■ Data block

──────

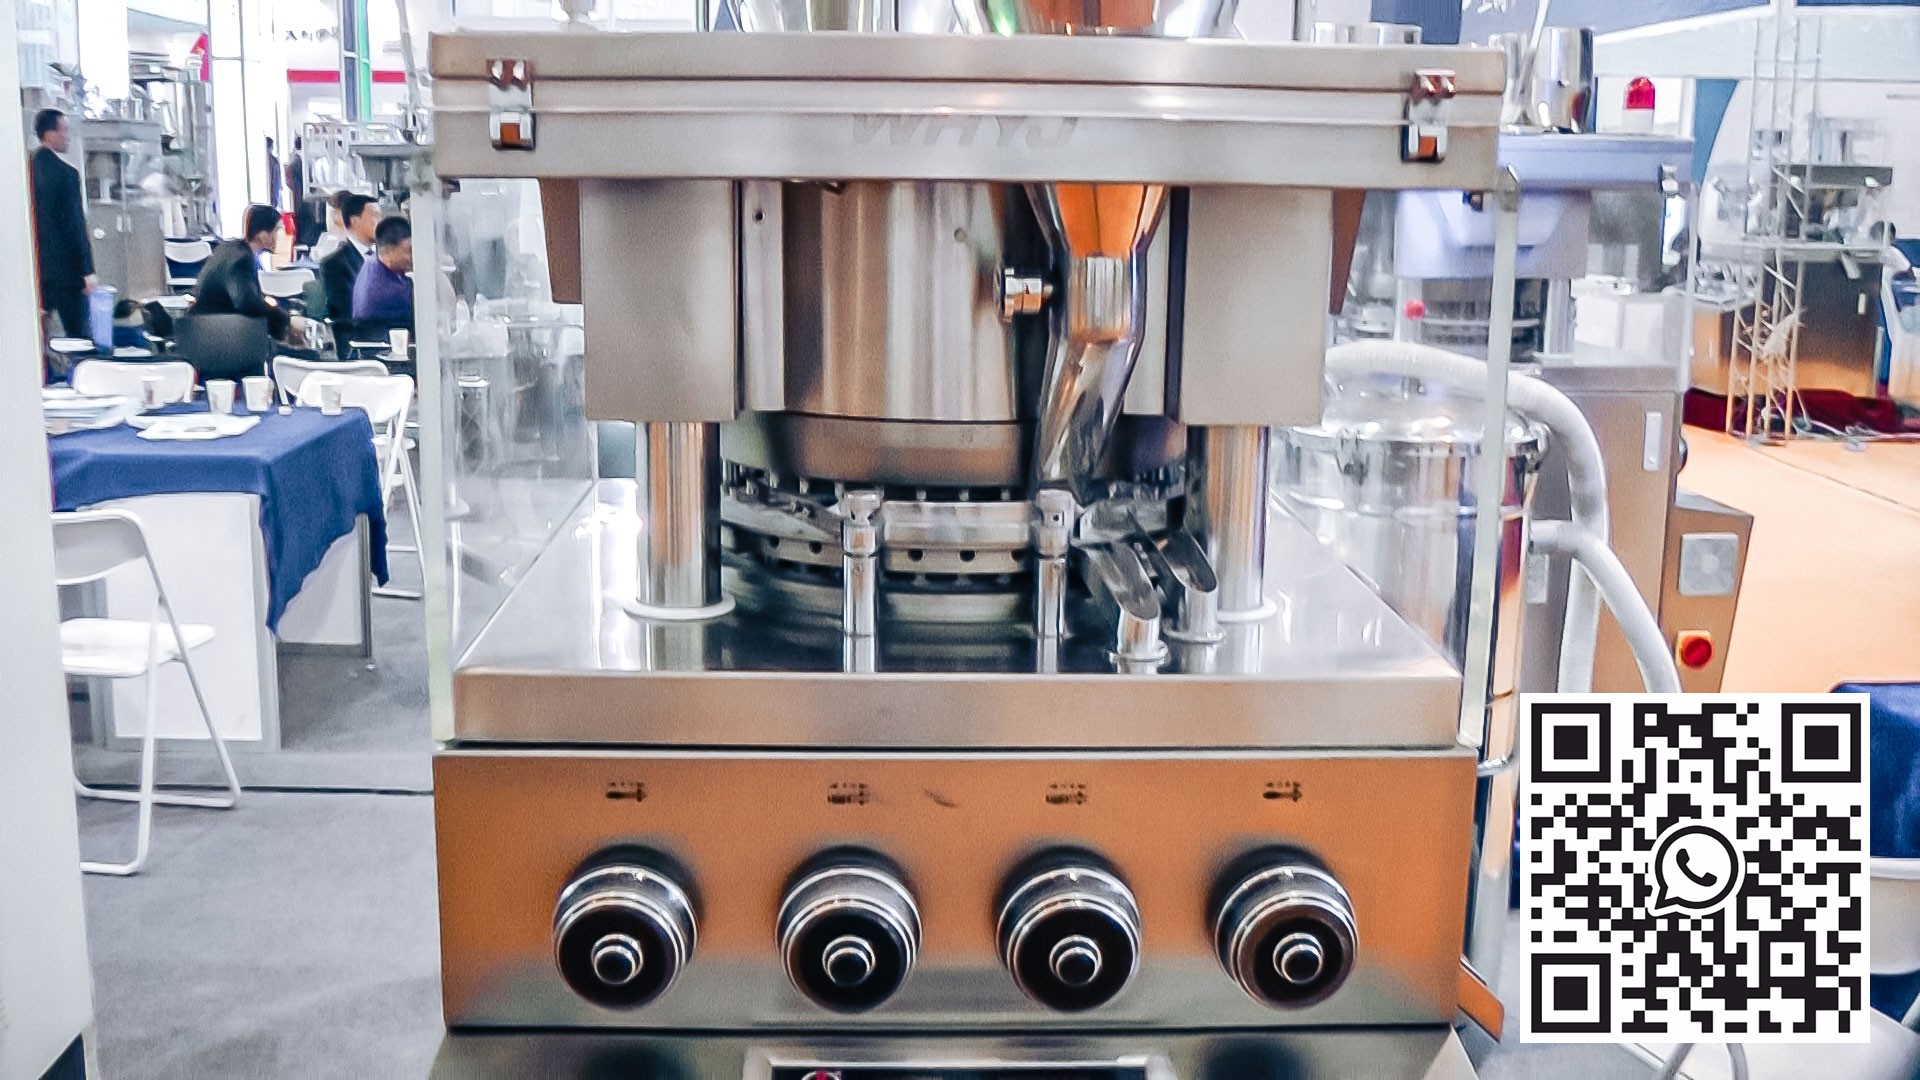 Equipo automático para la producción y prensado de comprimidos en la producción farmacéutica.
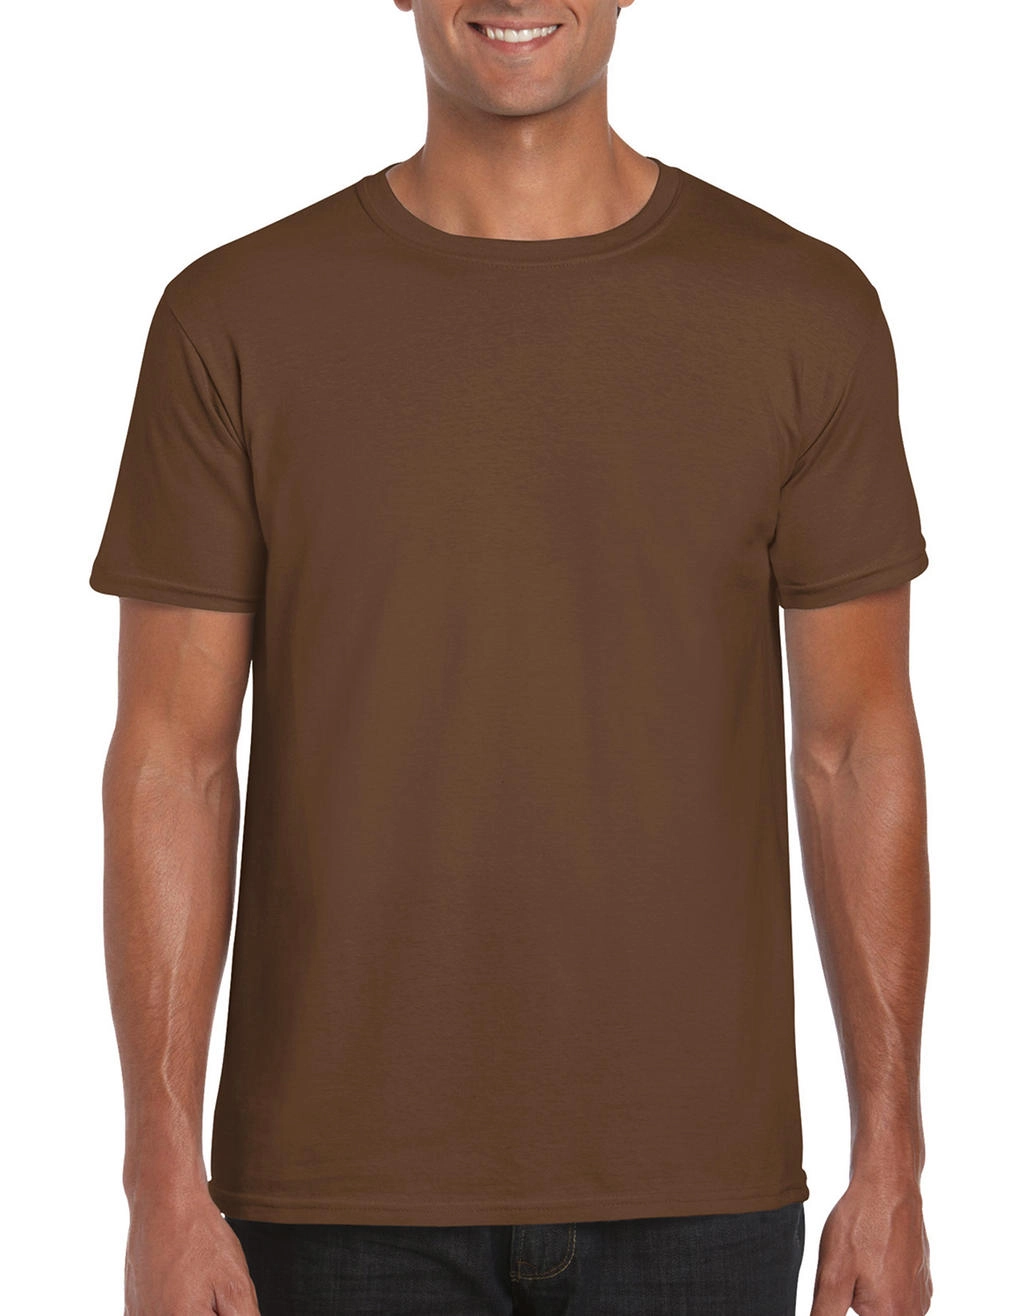 Softstyle® Ring Spun T-Shirt zum Besticken und Bedrucken in der Farbe Chestnut mit Ihren Logo, Schriftzug oder Motiv.
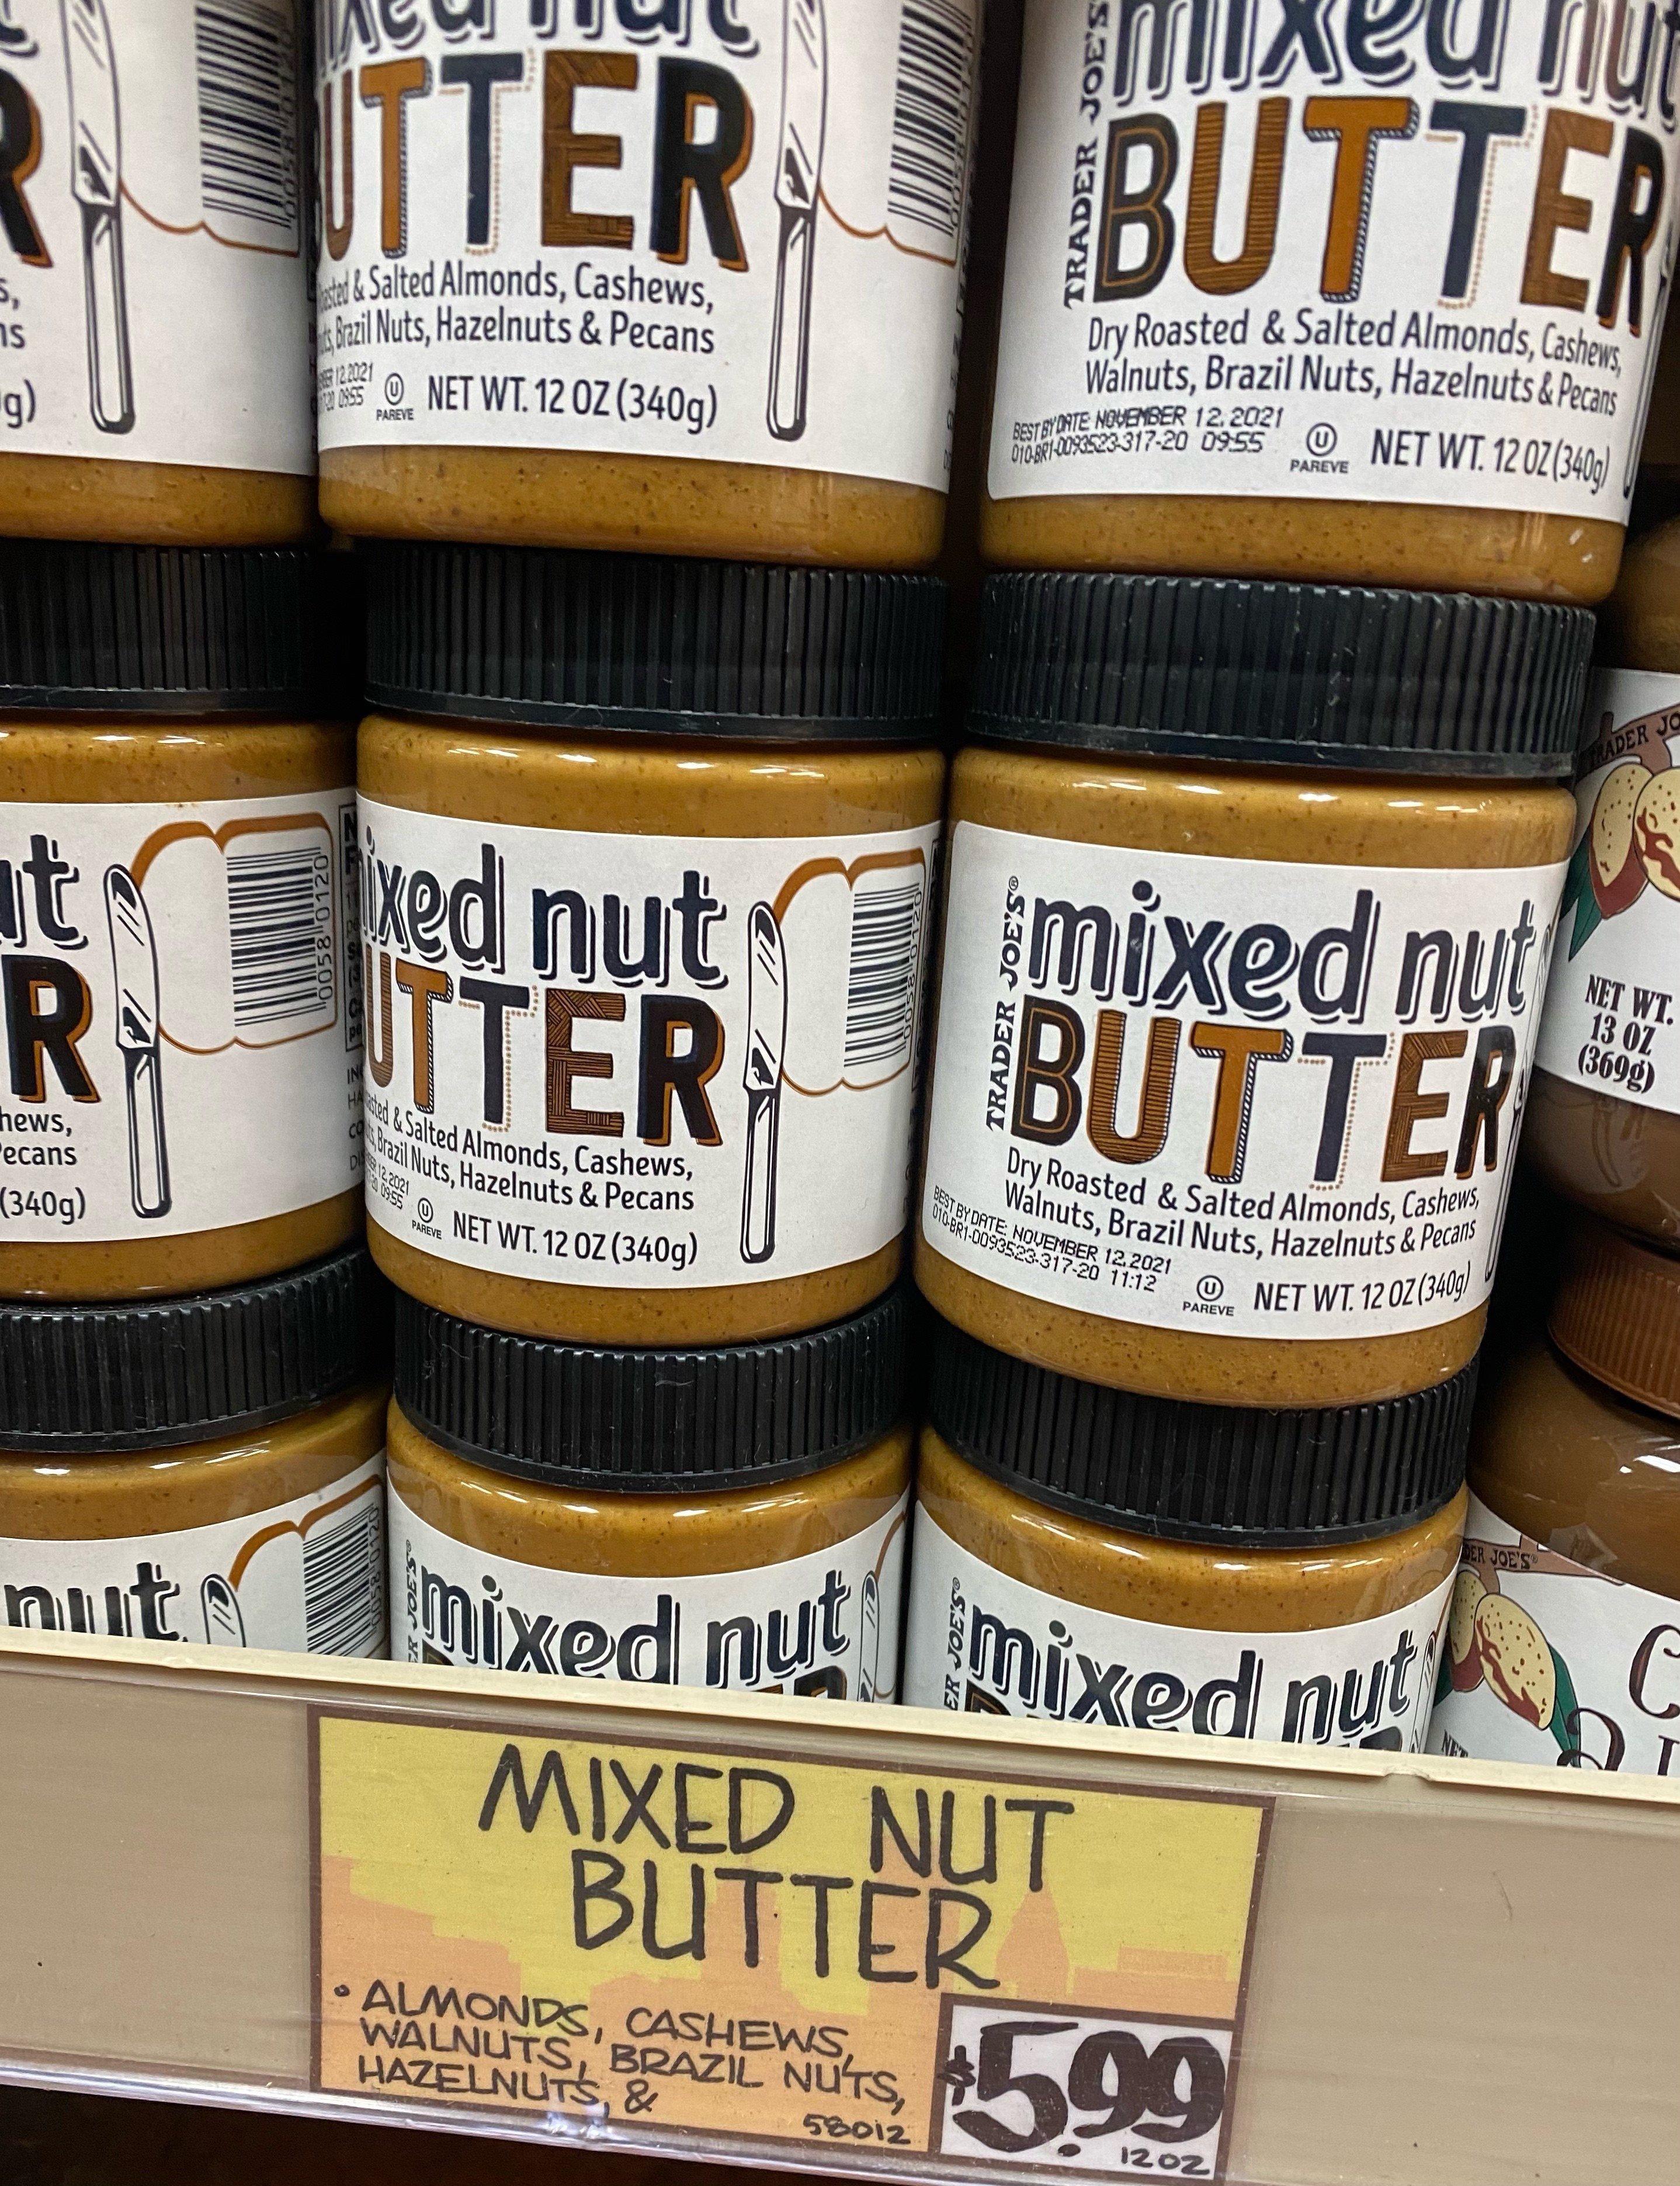 Mixed nut butter on a shelf.

──────

■ Assignment
Would you write out exactly the lines of the data from the one holding "Softstyle® Ring Spun" to the final line, both included, with pictures left out?

■ Task result
 Softstyle® Ring Spun T-Shirt zum Besticken und Bedrucken in der Farbe Chestnut mit Ihren Logo, Schriftzug oder Motiv.
 Mixed nut butter on a shelf.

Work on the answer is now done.